Records from a data source:
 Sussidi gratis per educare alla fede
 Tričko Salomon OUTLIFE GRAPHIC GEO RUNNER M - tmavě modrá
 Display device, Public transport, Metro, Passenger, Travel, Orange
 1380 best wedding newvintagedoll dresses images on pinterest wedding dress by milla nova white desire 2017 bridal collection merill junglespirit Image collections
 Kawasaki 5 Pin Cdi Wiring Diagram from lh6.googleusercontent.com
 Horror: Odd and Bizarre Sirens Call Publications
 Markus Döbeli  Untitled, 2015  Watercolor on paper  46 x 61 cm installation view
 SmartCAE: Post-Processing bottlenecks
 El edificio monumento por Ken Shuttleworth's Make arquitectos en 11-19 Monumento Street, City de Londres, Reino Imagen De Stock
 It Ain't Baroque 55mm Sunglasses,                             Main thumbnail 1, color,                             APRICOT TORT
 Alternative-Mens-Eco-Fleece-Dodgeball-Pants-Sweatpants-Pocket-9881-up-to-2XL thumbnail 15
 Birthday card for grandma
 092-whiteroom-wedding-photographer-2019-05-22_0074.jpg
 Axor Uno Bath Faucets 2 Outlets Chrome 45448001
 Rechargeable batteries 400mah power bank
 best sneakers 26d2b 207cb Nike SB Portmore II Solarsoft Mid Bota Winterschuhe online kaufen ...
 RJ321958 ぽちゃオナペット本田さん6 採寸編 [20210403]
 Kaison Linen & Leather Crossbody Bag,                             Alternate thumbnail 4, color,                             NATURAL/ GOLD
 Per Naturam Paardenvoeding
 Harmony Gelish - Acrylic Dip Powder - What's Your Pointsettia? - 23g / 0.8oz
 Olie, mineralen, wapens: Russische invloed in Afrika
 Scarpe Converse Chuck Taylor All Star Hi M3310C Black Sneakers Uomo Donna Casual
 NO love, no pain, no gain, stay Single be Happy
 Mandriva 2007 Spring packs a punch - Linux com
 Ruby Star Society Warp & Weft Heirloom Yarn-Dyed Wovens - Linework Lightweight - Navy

Problem statement: Nothing but a number should be given: the count of lines above that include the string "thumbnail".

Answer for the task: 3